The penultimate lock in the flight and where else could you find this wonderful sight – picnickers having lunch next to a lock with a narrow boat entering and a tired, but still smiling, Doug resting against the gate beam. Like an illustration out of an Enid Blyton book!
After skipping up the 5 locks of the Adderley flight (which, surprise, surprise James did!) we arrived and departed Market Drayton without our usual shopping stop and headed out towards the charming flight of locks at Tyrley.
Pretty to say the least, the approach to the Tyrley flight (pronounced ‘Turley’) is cut out of solid sandstone …….
………. and the canal bottom is also solid sandstone and very uneven! The risk of grounding or scraping the base of the boat is very real as we found out.
Just a couple more pics ………
……. of this very pretty ascent …………
…….. to the top lock and then 17 lock-free miles ahead. We had risen 154 feet and worked 25 locks – we slept well that night!
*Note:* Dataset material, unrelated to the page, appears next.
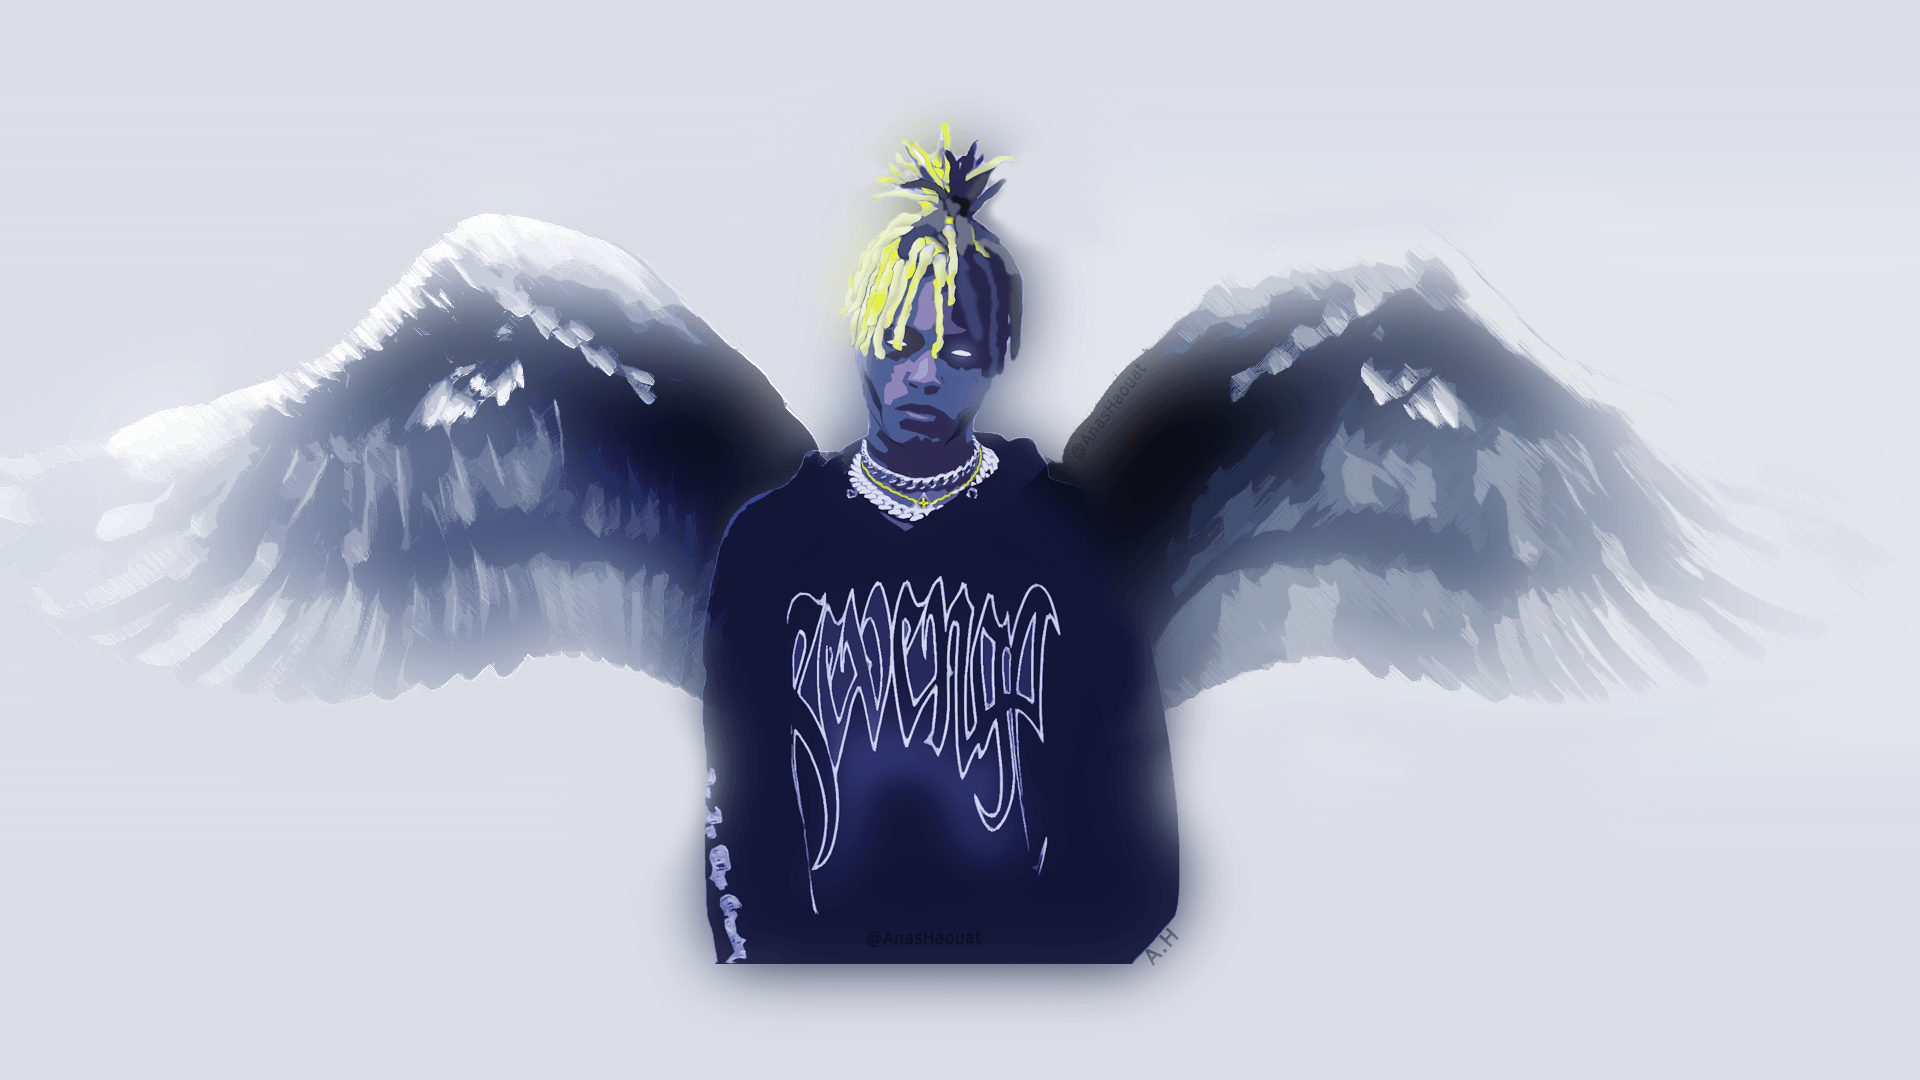 Xxxtentacion with Wings Wallpapers on WallpaperDog.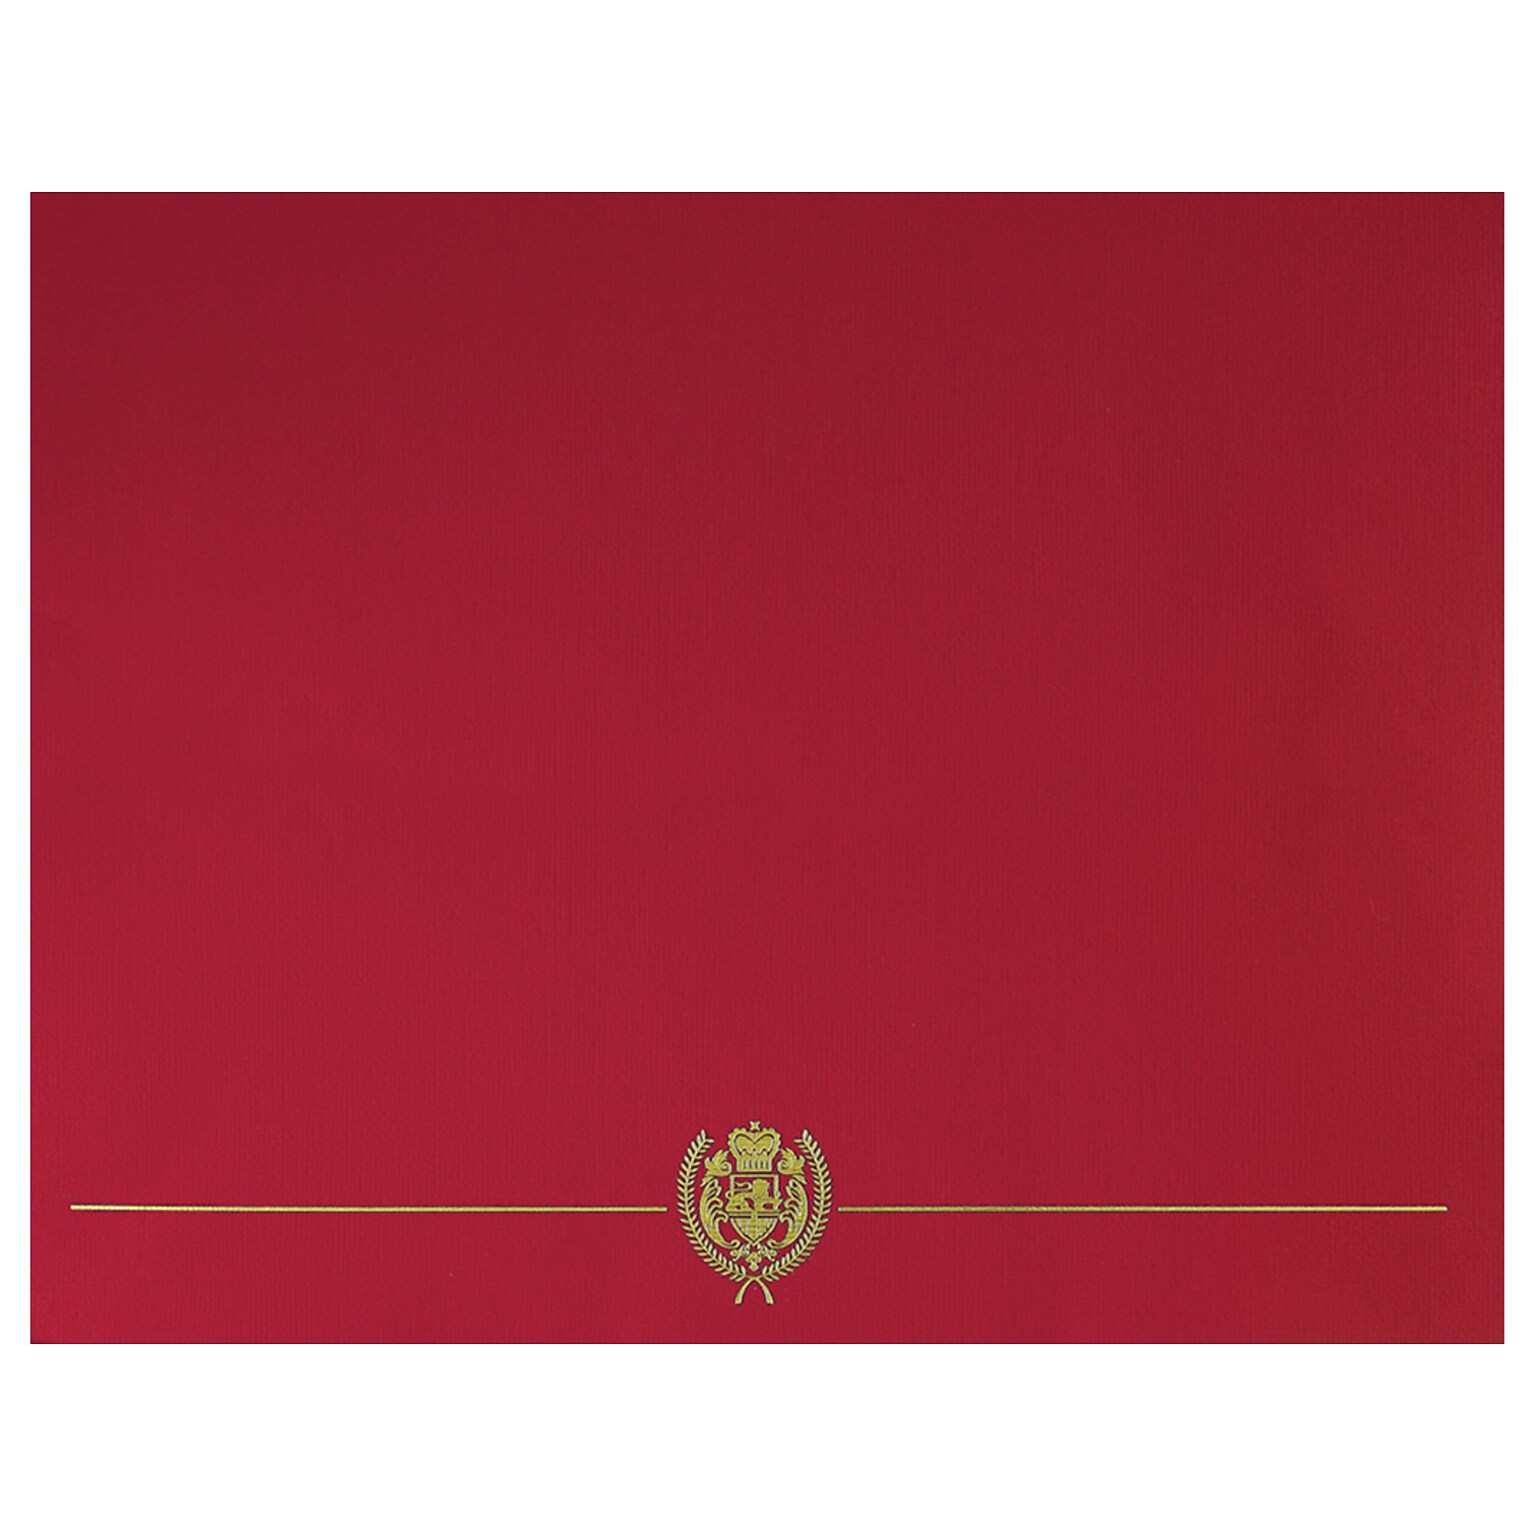 Great Papers Classic Crest Certificate Holders, 12 x 9.38, Red, 50/Pack (903031PK10)

Leaving our mooring at bridge 47 on Monday morning we traversed the huge Shebdon Embankment and into the Grub Street Cutting which, in places, is 80 feet deep. This is a well worn photo of the strange bridge 39 which carries the A 519 across the canal.
Past Norbury Junction and on through Gnosall Heath (where some wag has doctored a sign to read “_no_ all”!) where the only tunnel on the Shropshire Union canal – the 80 yard long Cowley Tunnel ………
………. is hewn from solid rock and totally unlined.
After stopping at Wheaton Aston for fuel top up (55p / litre), and a free pump out as someone had left the machine on pause(!) and then to take on water we carried on through the fabulous Lapley Wood Cutting ………..
…….then over the elegant Stretton Aqueduct which carried us over the old Roman Road of Watling Street (now the A5).
It was afternoon of unusual boats as we passed this little beauty “Cutter” …..
……. and this one - “Elizabeth” ……………
……. and this tiny little “scale” narrow boat (compare it with the van!).
Some of the boats at Brewood, on the private moorings, are “low mileage” examples!
The fabulous “old England” view of Brewood as we headed for our mooring at bridge 8 is just one of the best there is.